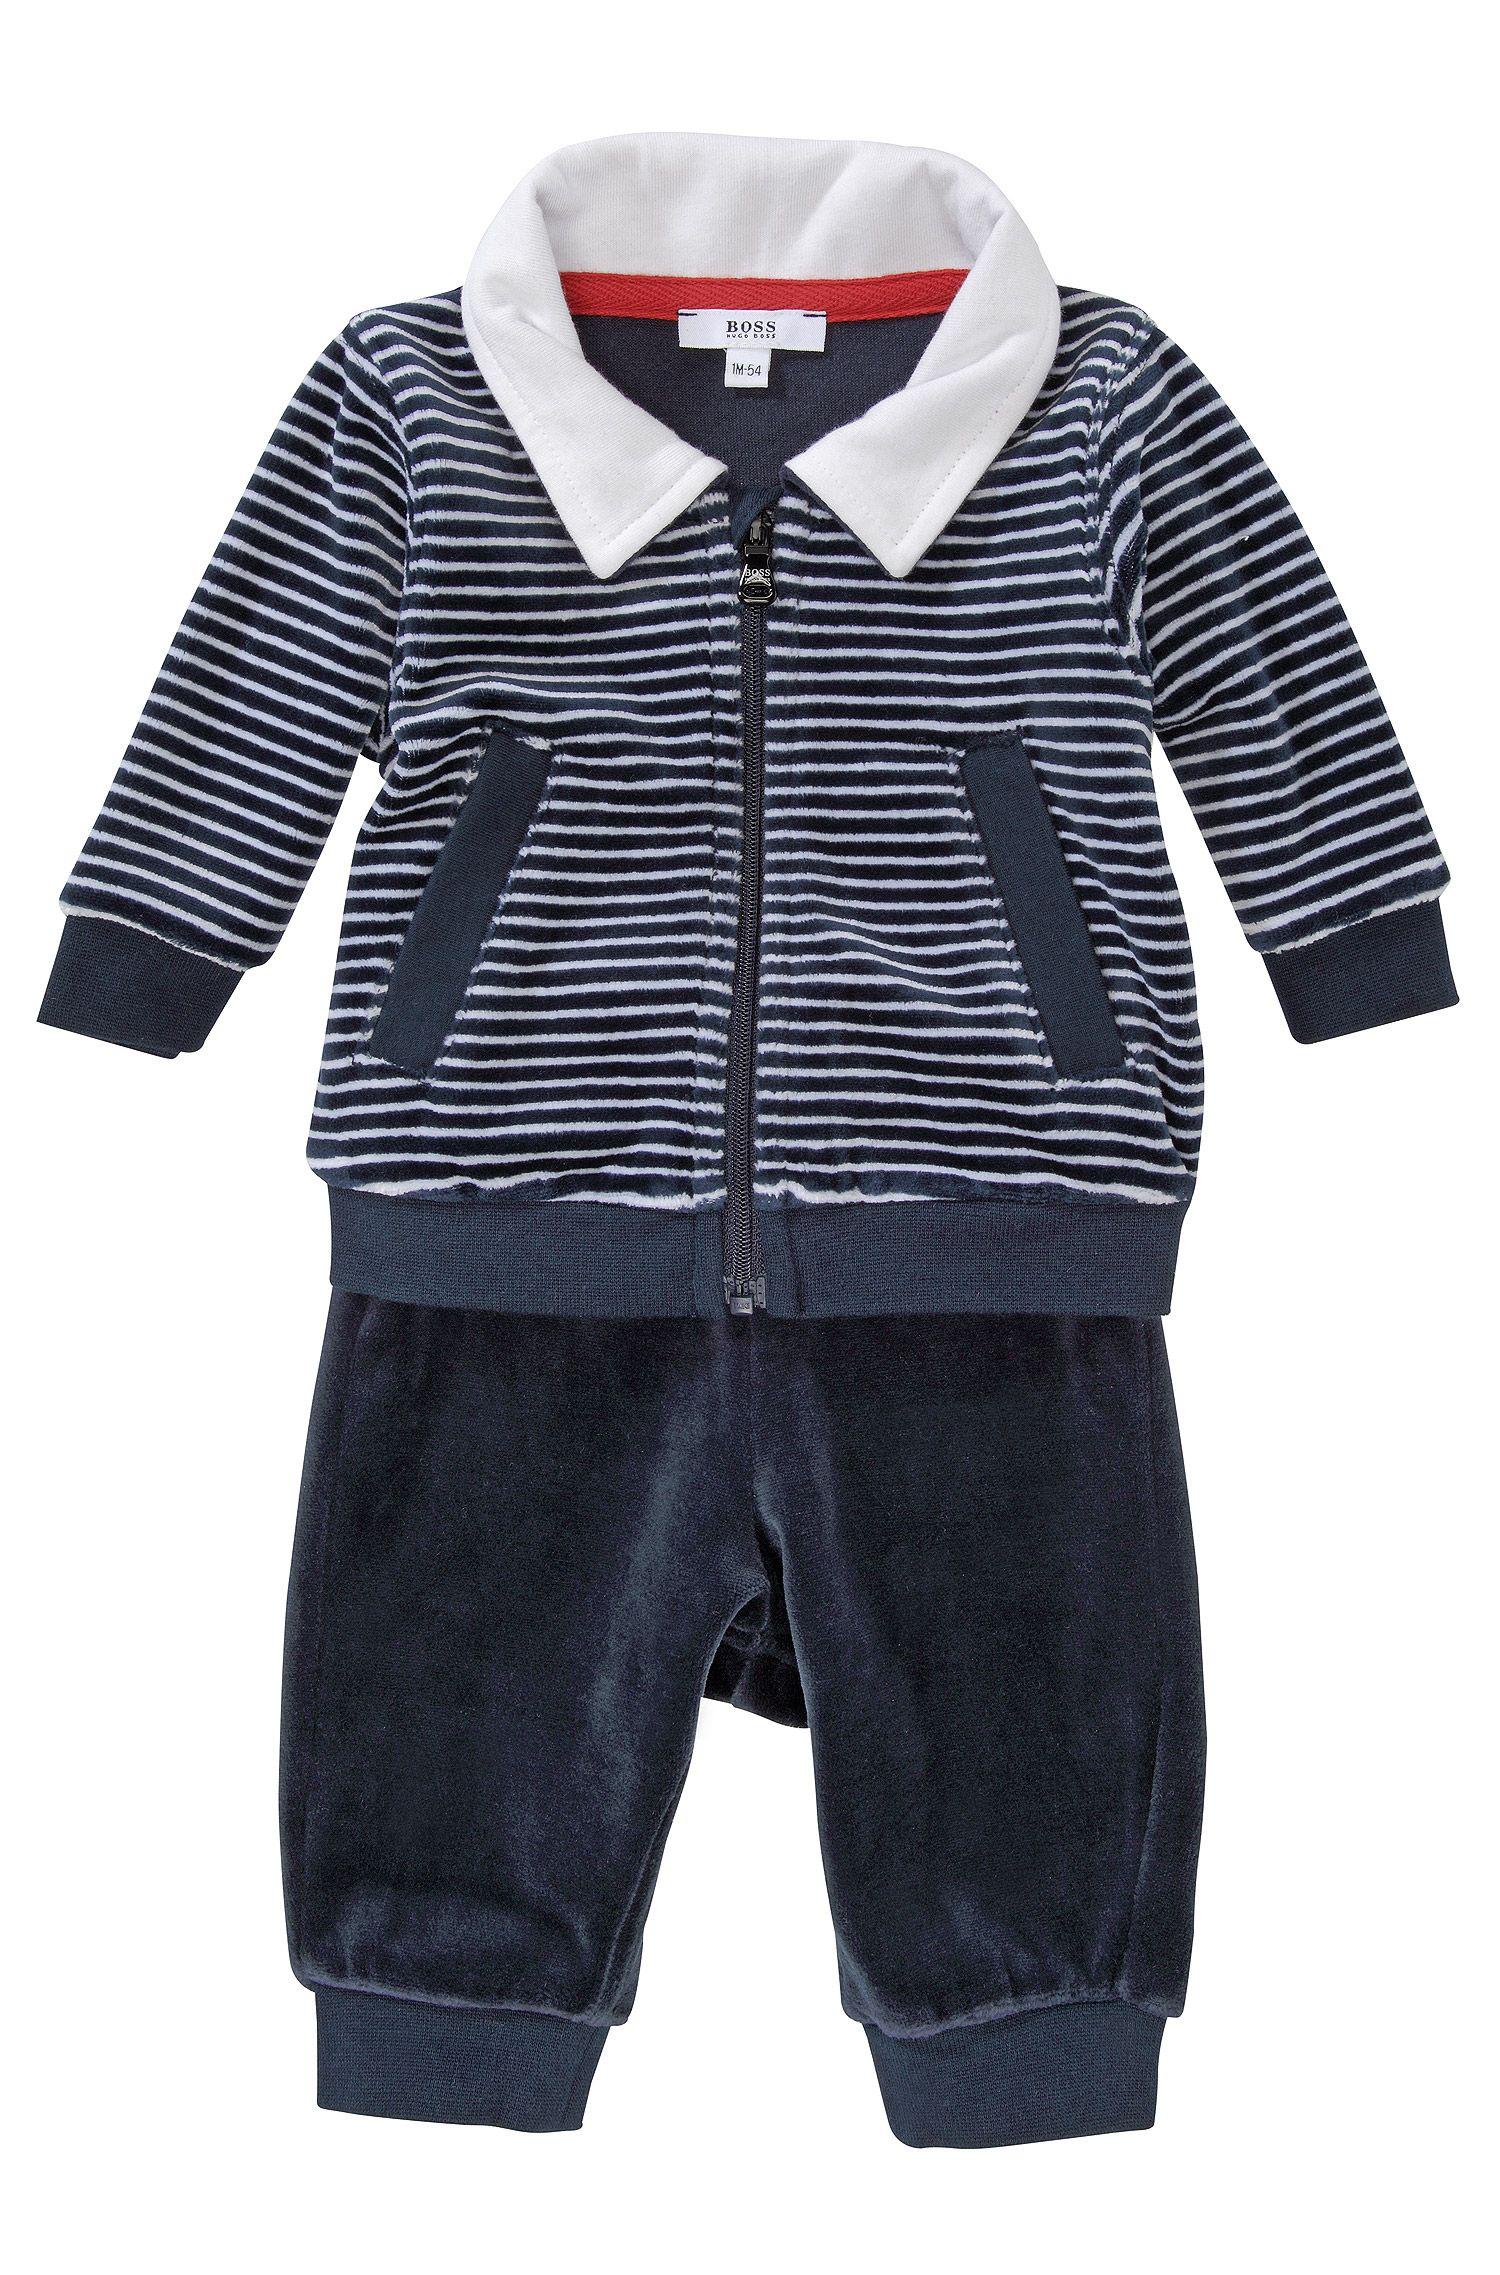 'J98082' | Infant Terry Velvet Activewear Set
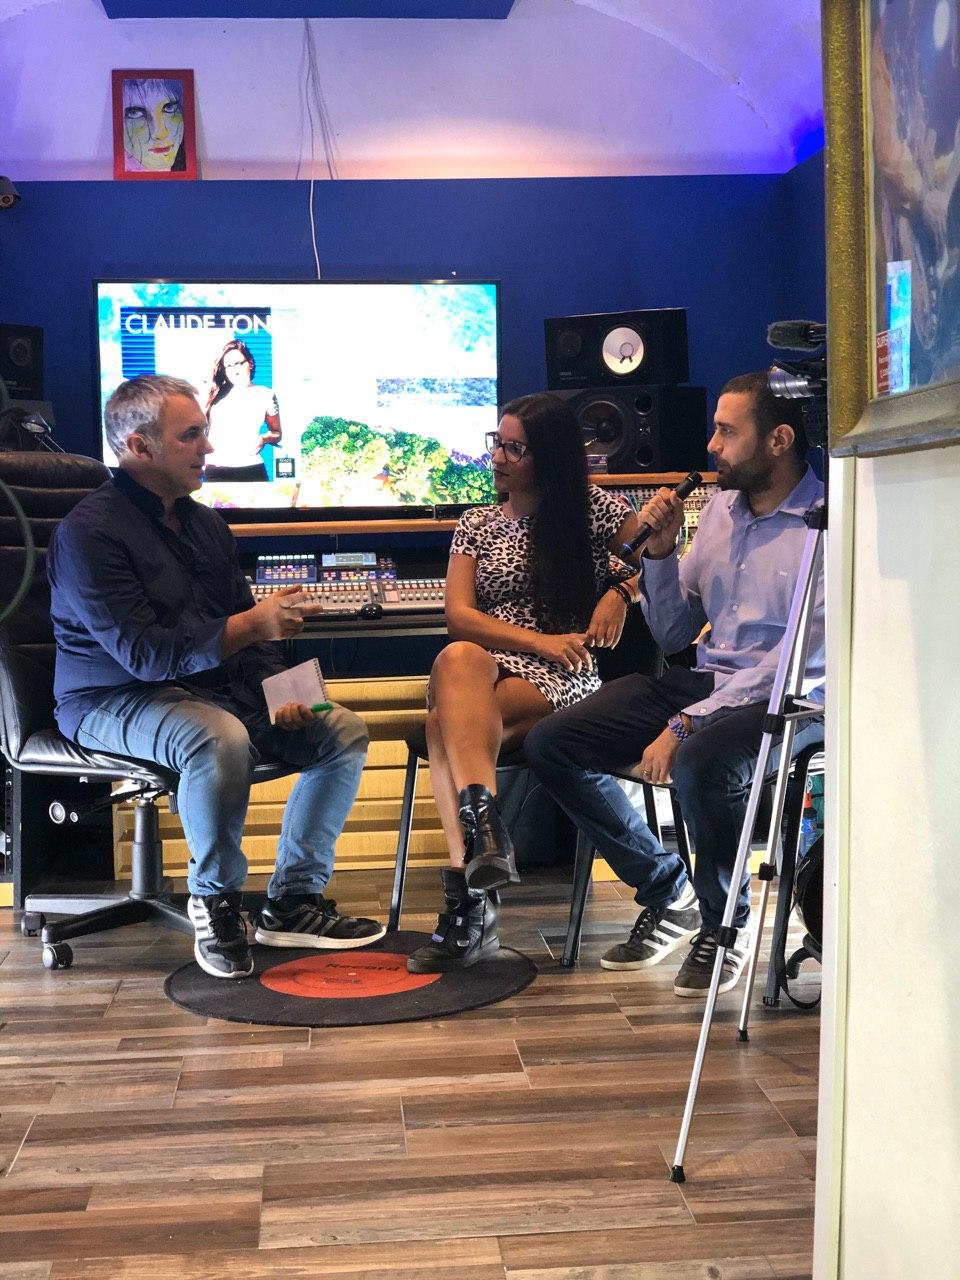 Claude Tonic e Stefano Barricella intervistati agli Studios Academy, il centro Steinberg di Roma
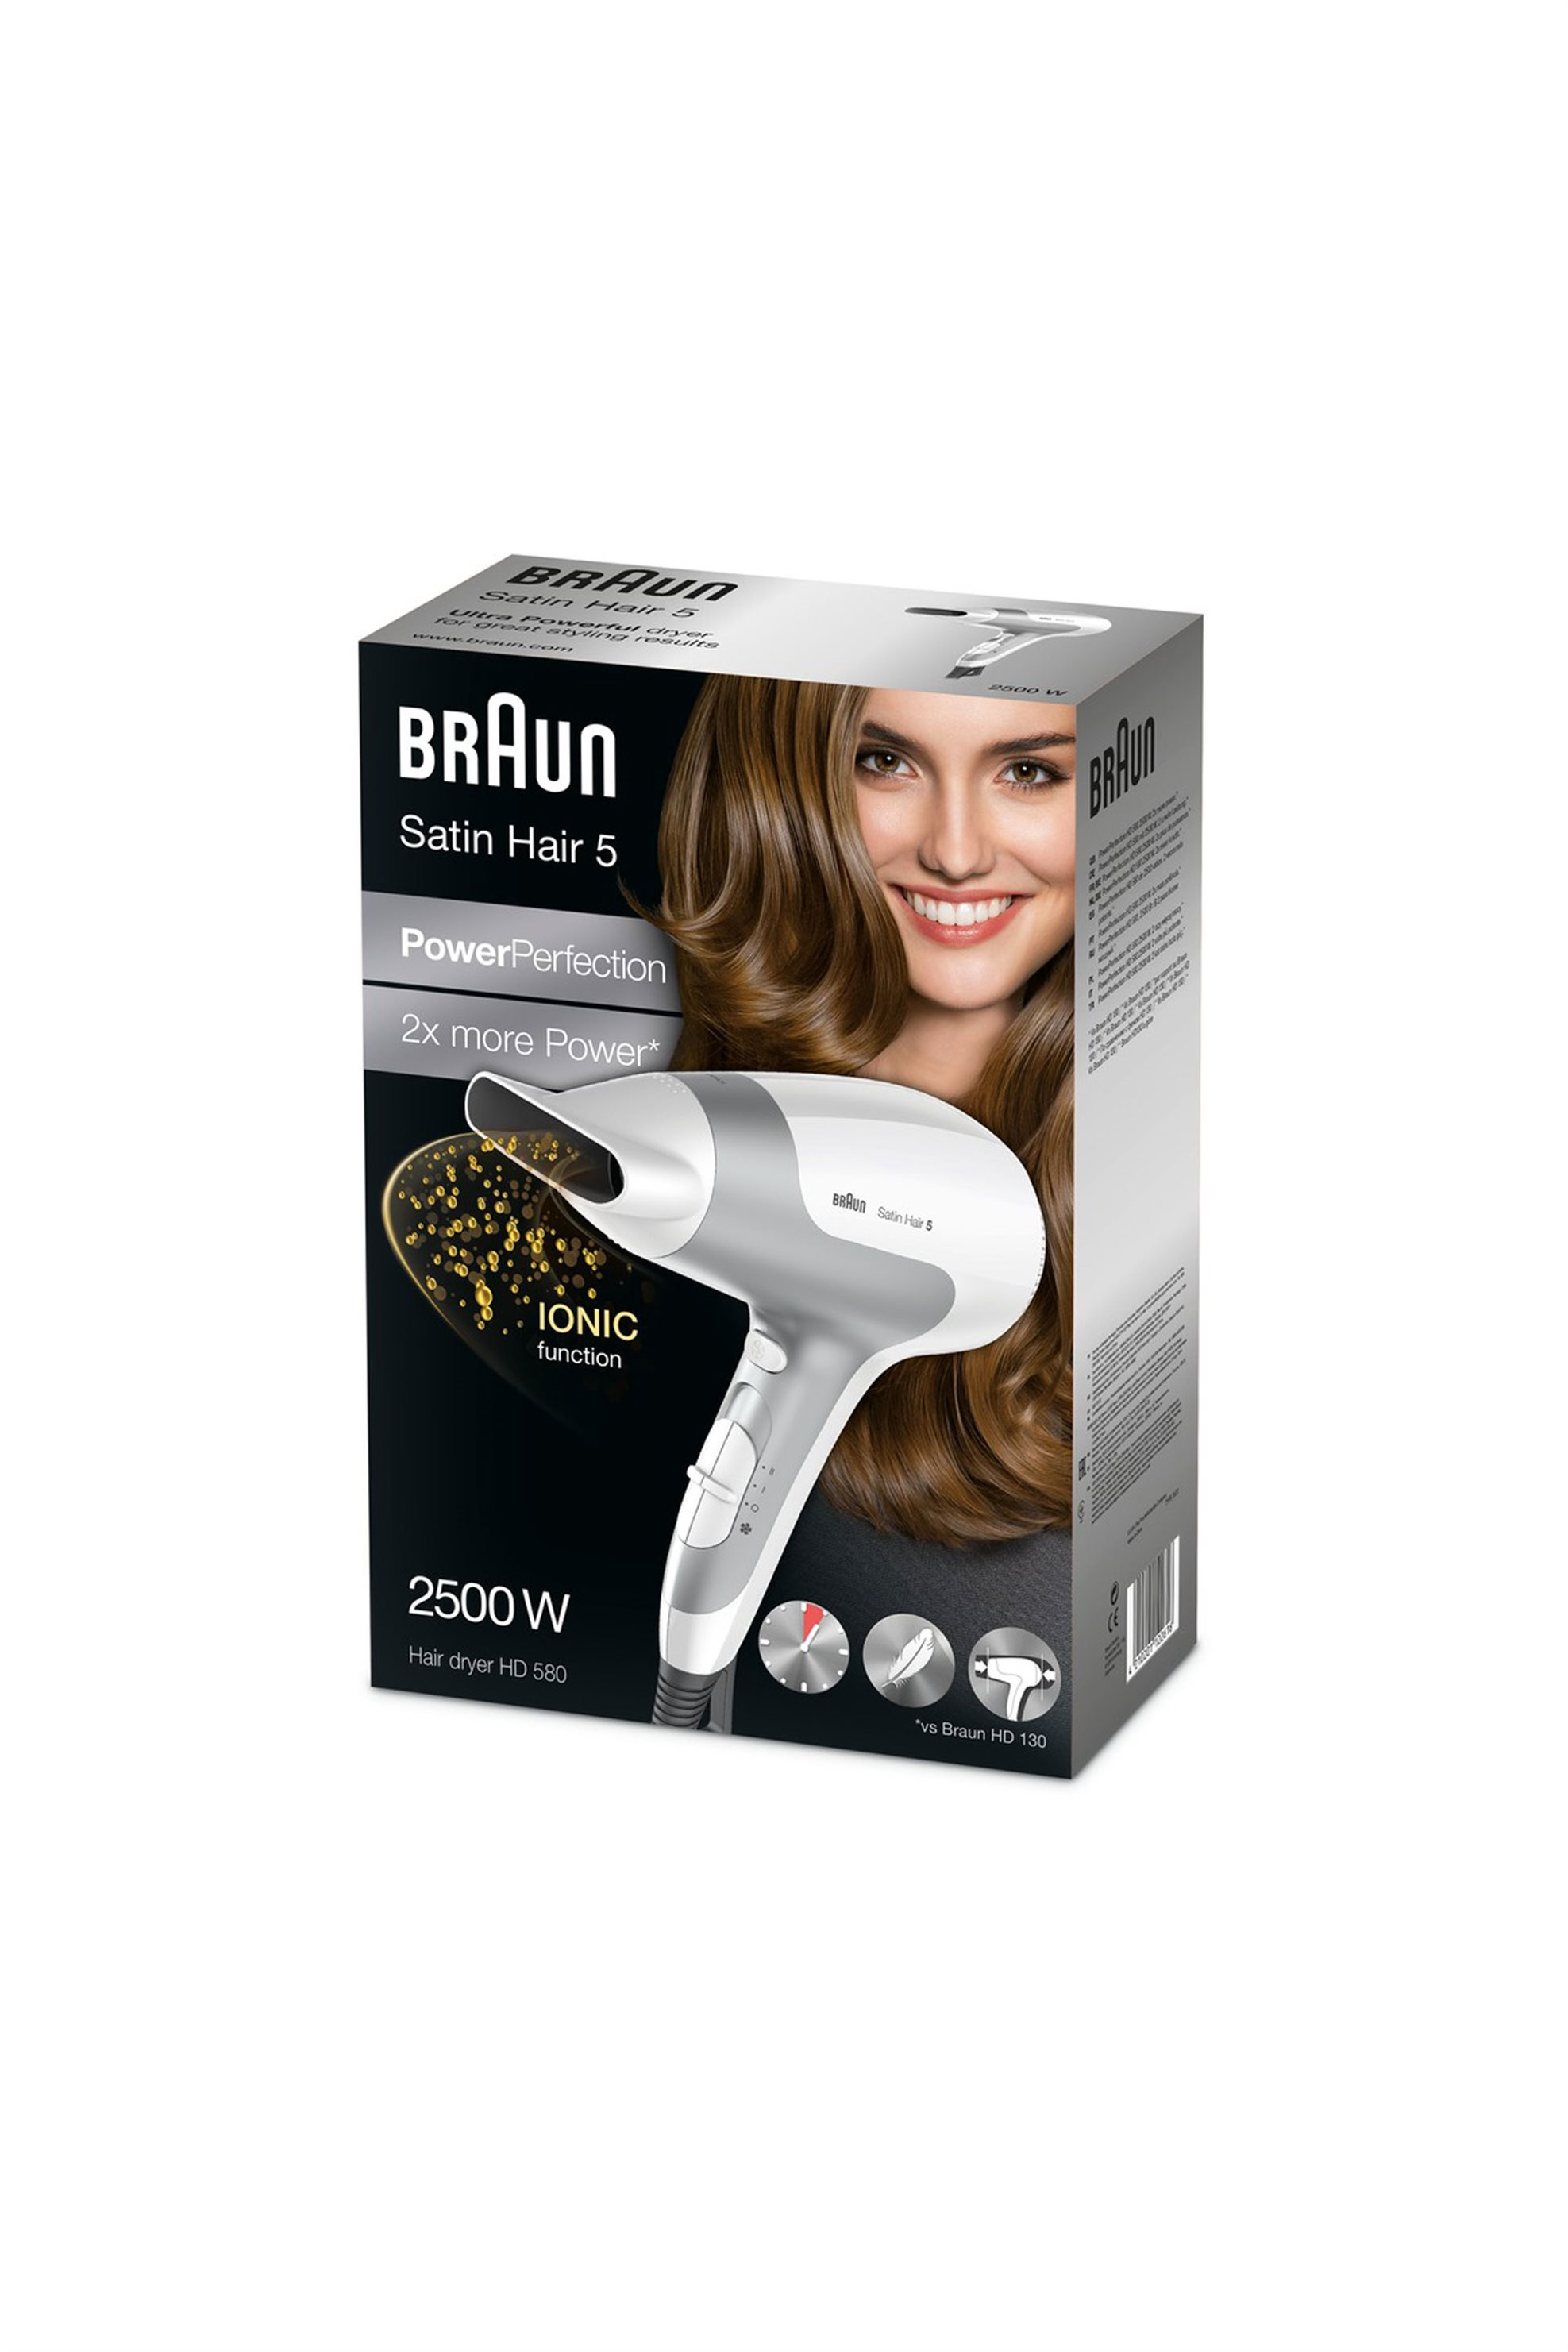 Σεσουάρ μαλλιών HD580 Satin Hair 5 Braun - HD580 home   συσκευεσ περιποιησησ   πιστολάκια μαλλιών

* Assigned task
Your task is to retype exactly, and only, the lines from the one that holds "Claude Tonic e" through the end of the listing, both end lines included, without any pictures.

* Written response
 Claude Tonic e Stefano Barricella intervistati agli Studios Academy, il centro Steinberg di Roma
 Σεσουάρ μαλλιών HD580 Satin Hair 5 Braun - HD580 home   συσκευεσ περιποιησησ   πιστολάκια μαλλιών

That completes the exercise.